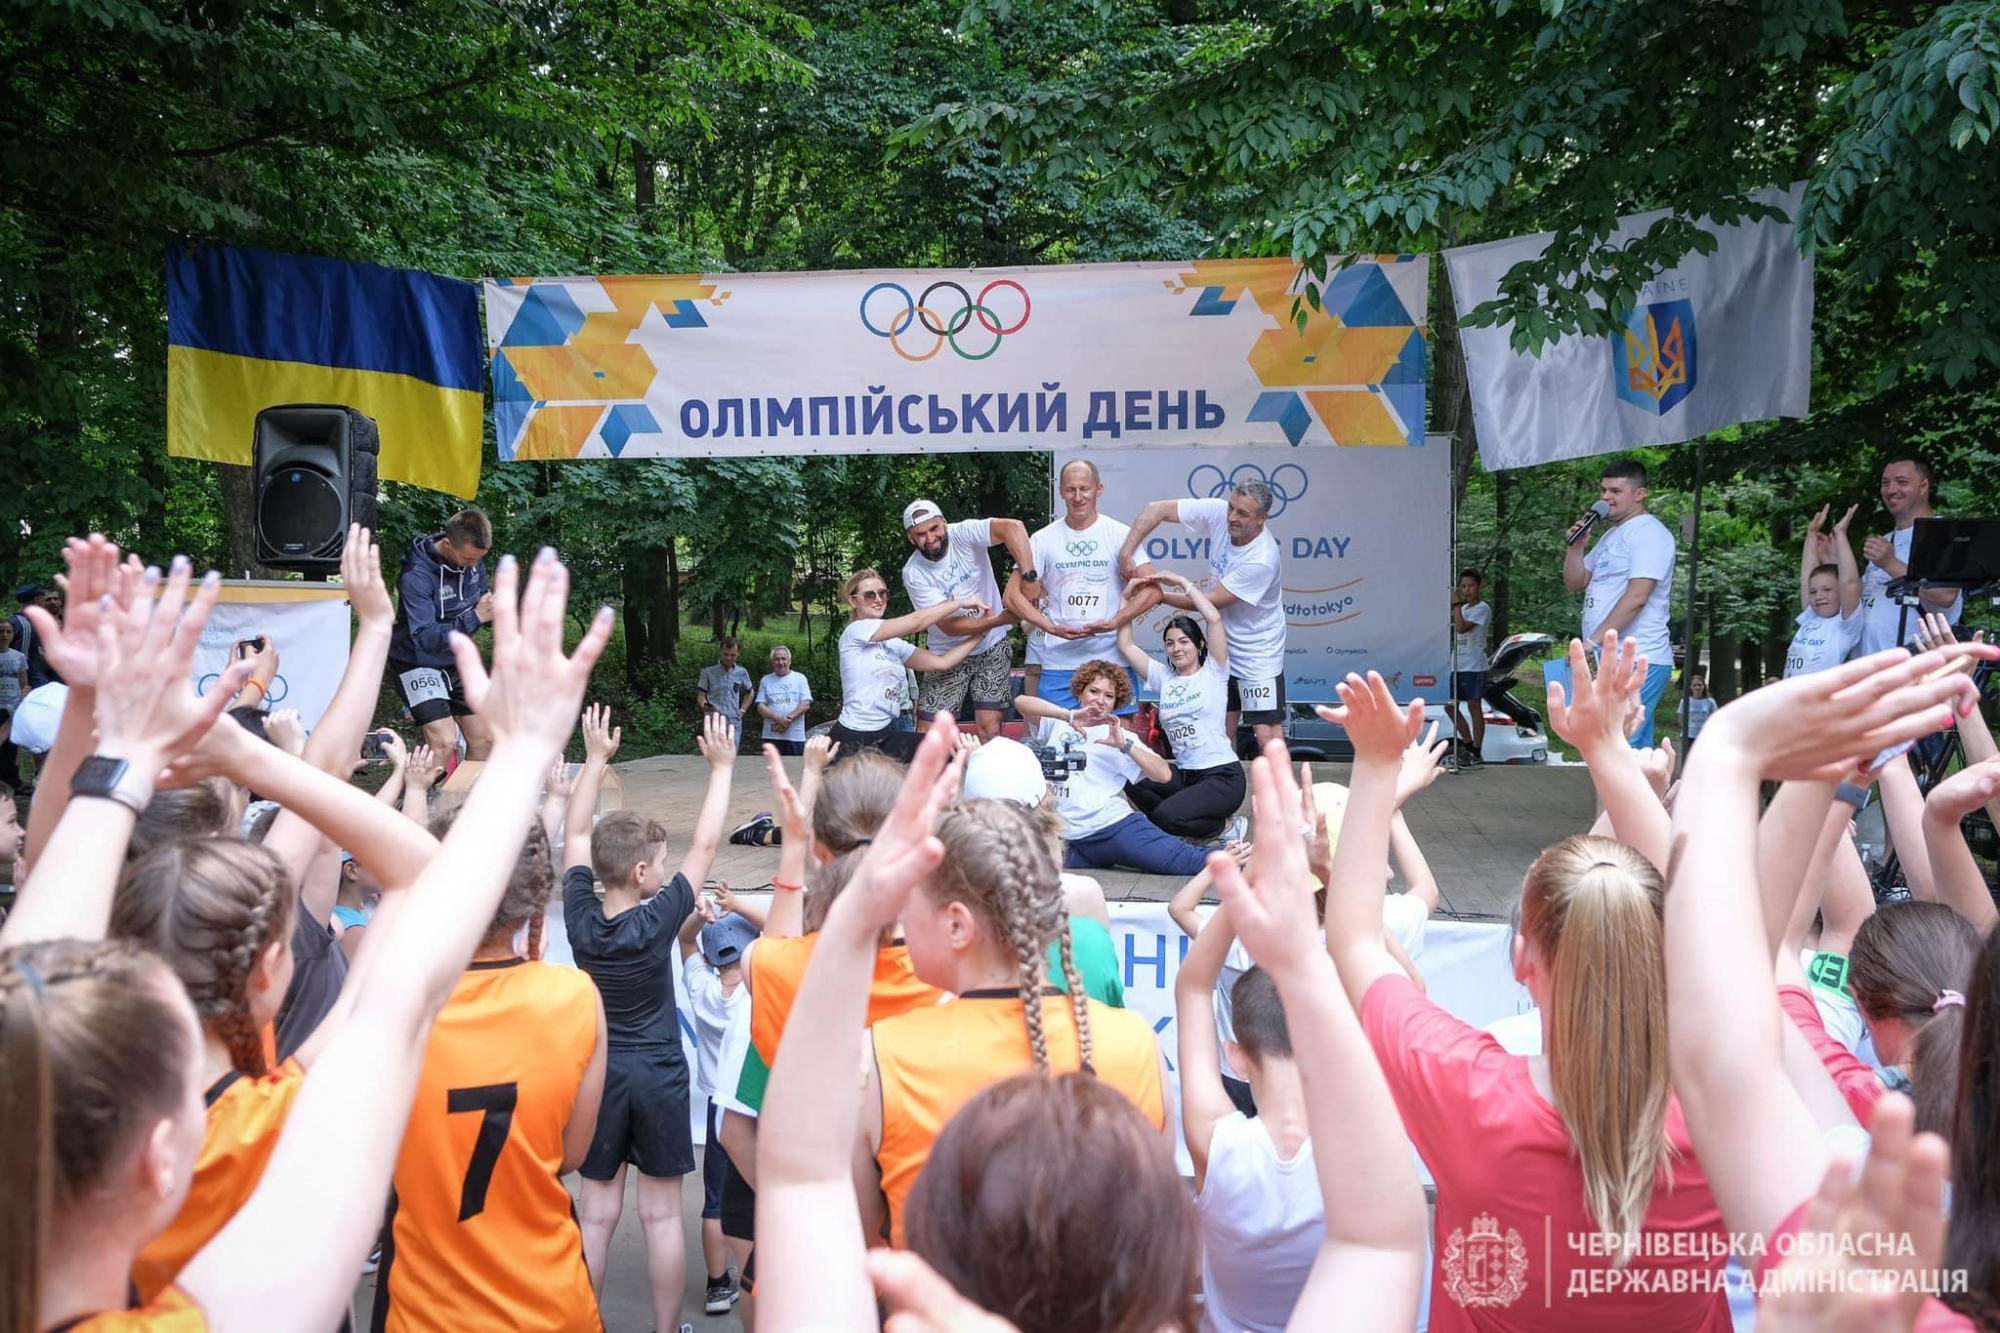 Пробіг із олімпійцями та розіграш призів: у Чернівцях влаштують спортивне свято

■ ■ ■

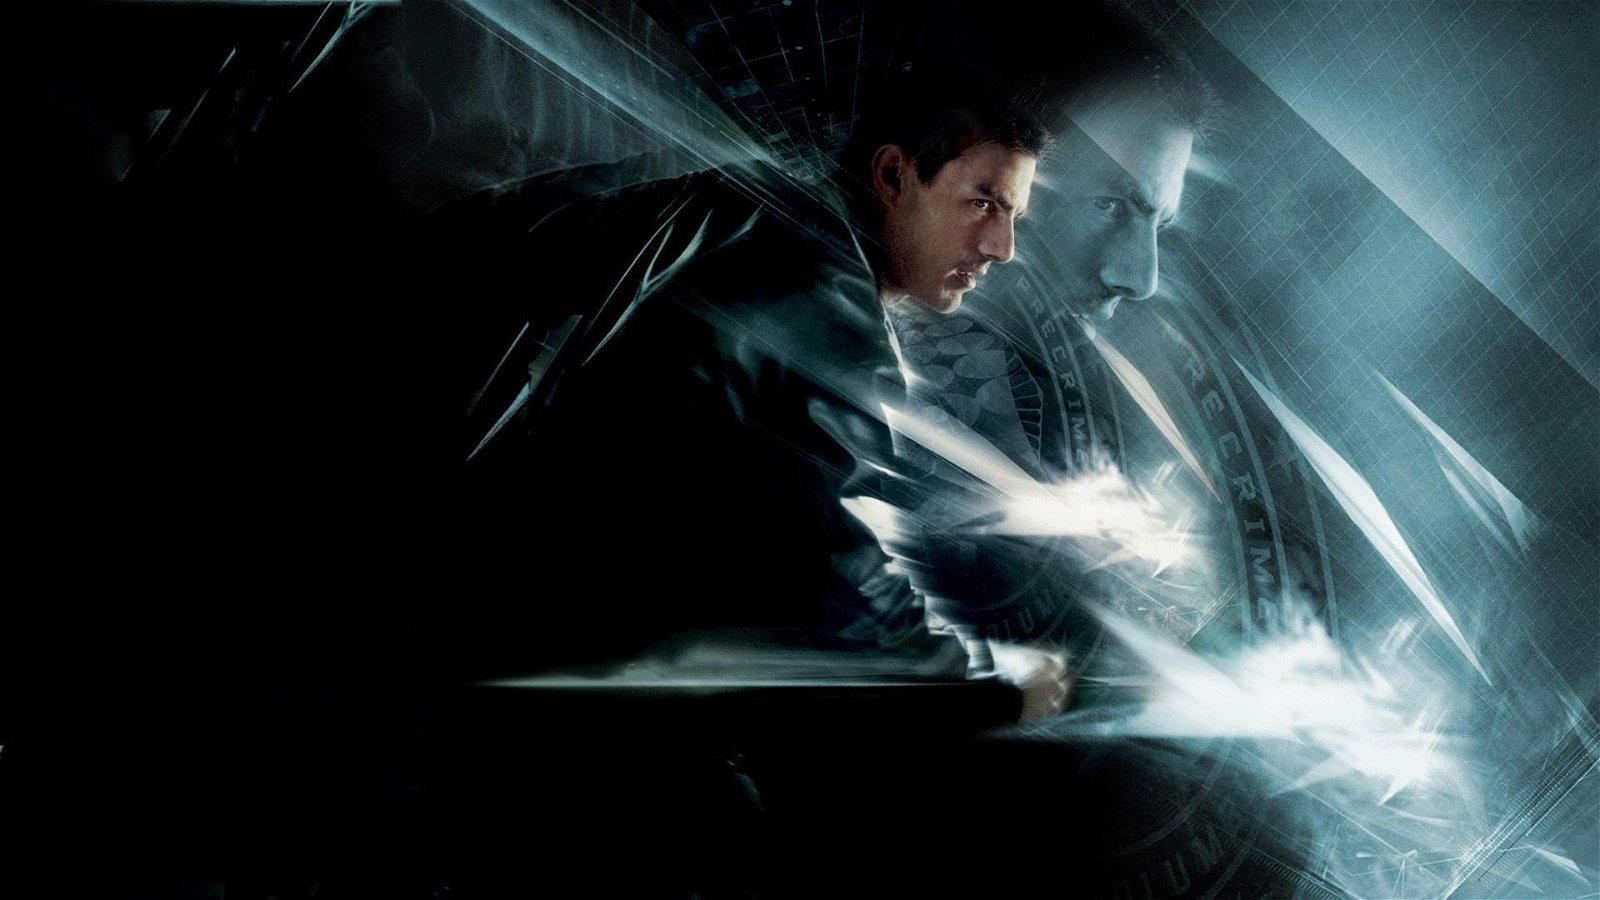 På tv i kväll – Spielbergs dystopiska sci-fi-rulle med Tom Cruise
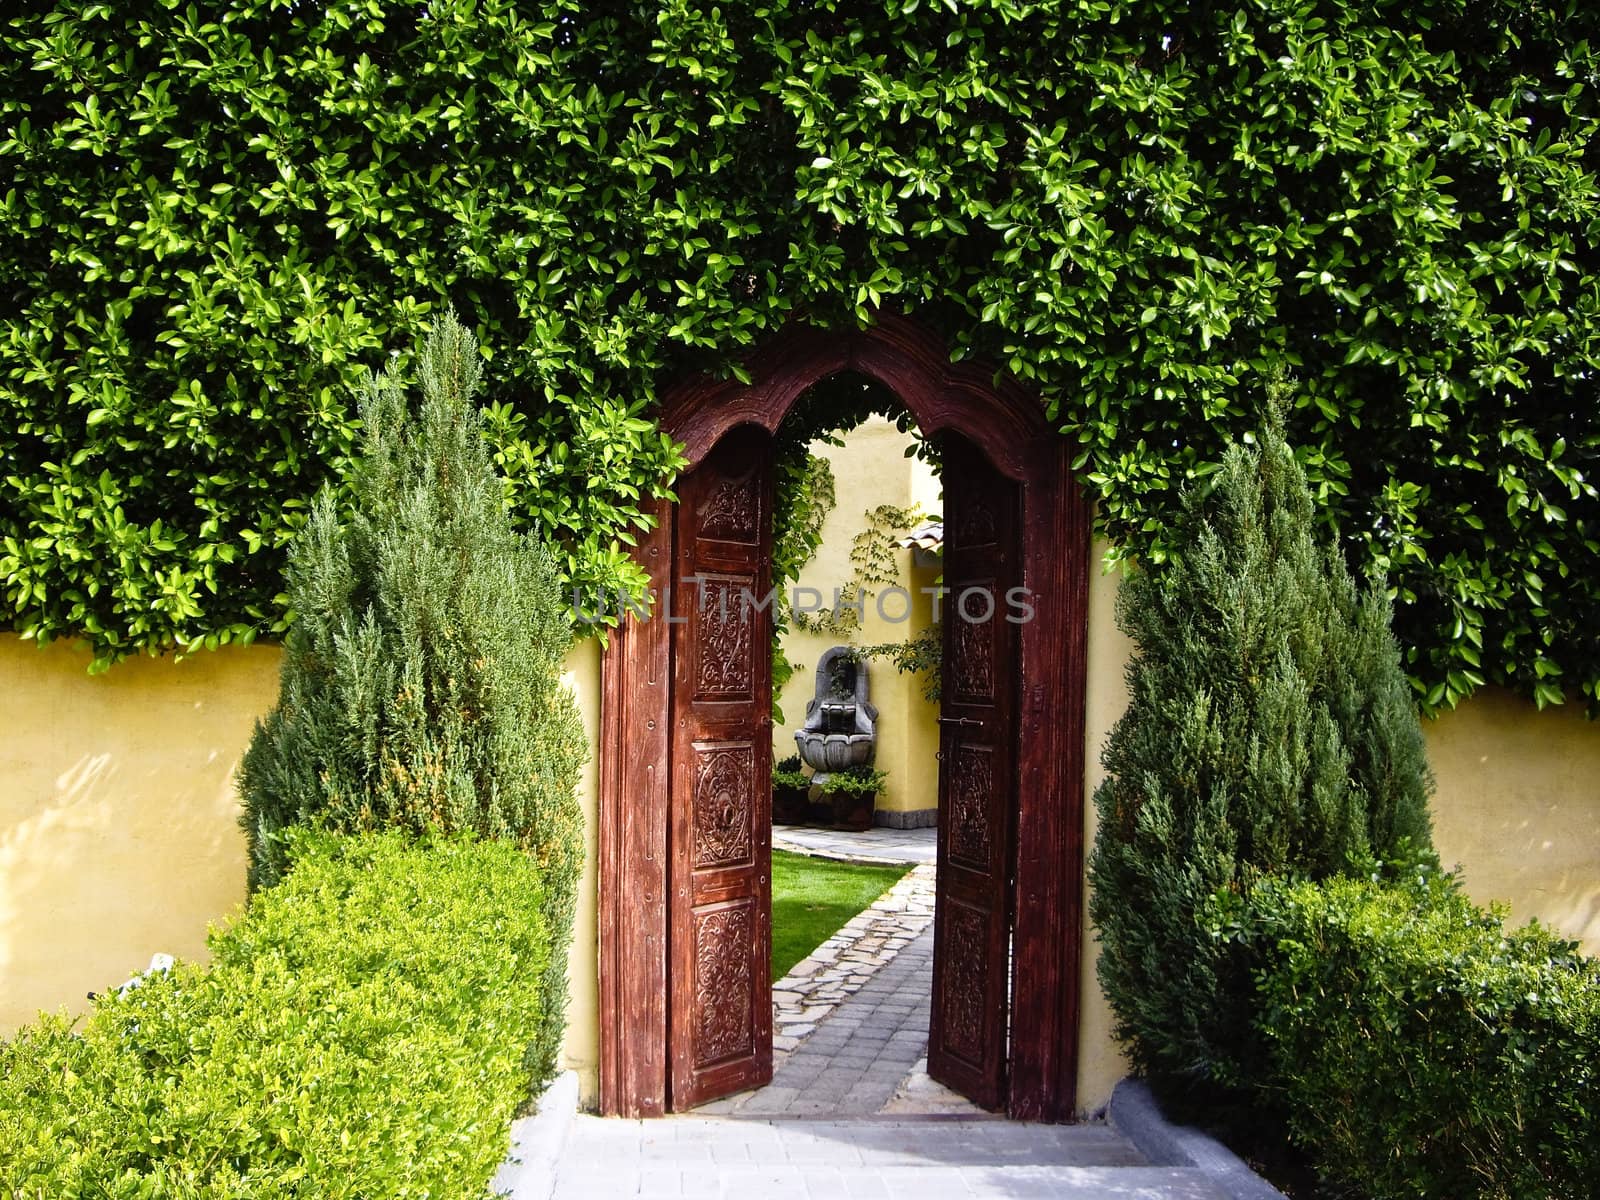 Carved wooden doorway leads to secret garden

■ ■ ■

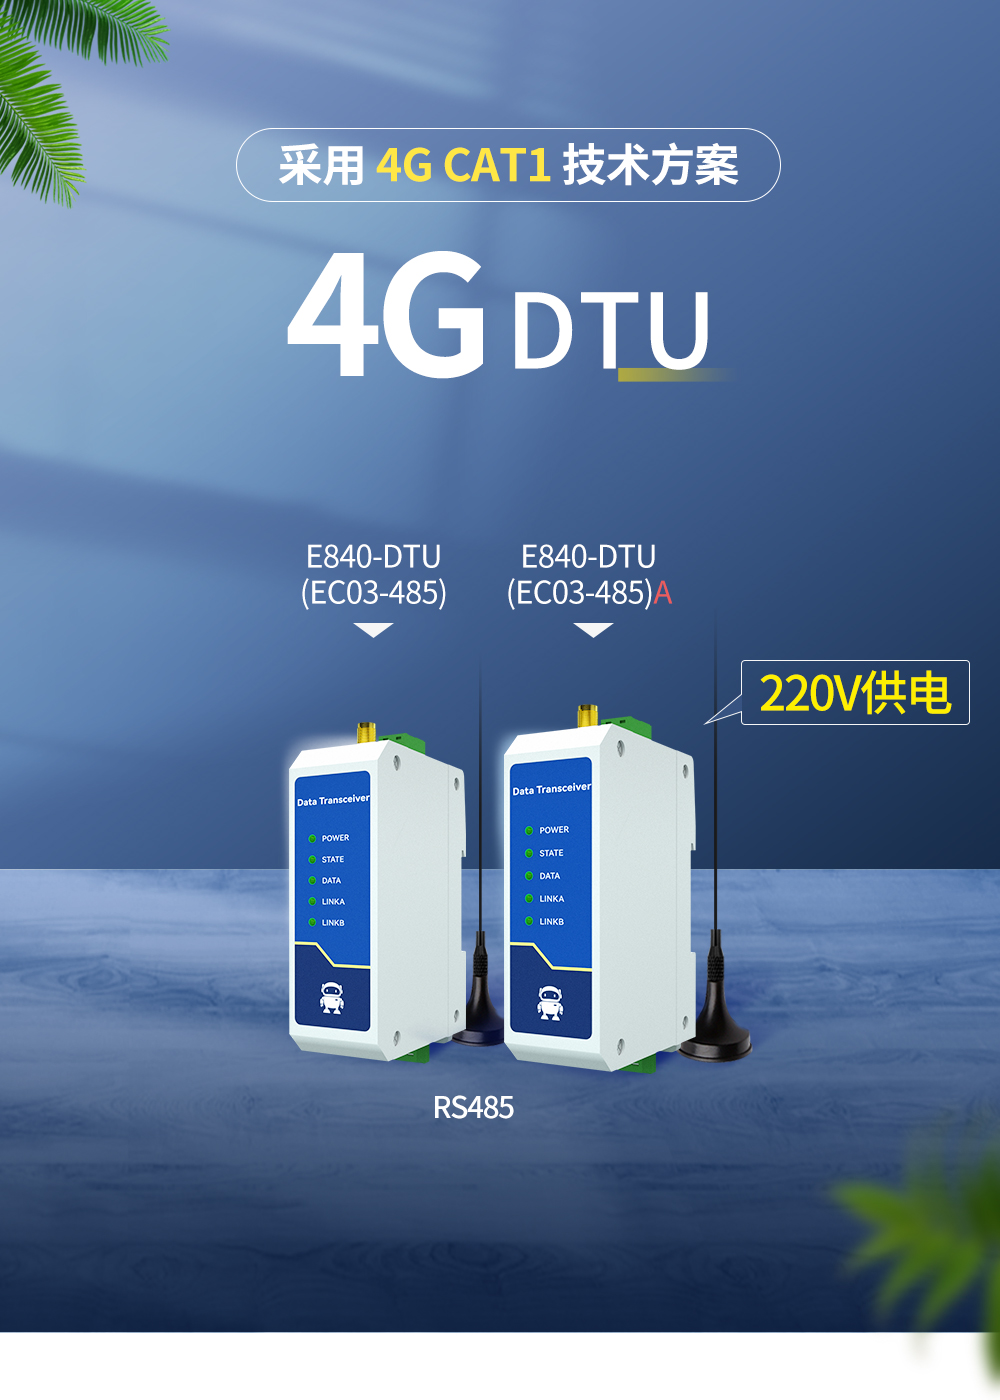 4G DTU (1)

■ ■ ■

» **Your goal**
Give exactly the lines above that run from the line with "På tv i kväll" to the line with "Carved wooden doorway leads to secret garden", both included, leaving every picture out.

» **Result for this exercise**
 På tv i kväll – Spielbergs dystopiska sci-fi-rulle med Tom Cruise
 Carved wooden doorway leads to secret garden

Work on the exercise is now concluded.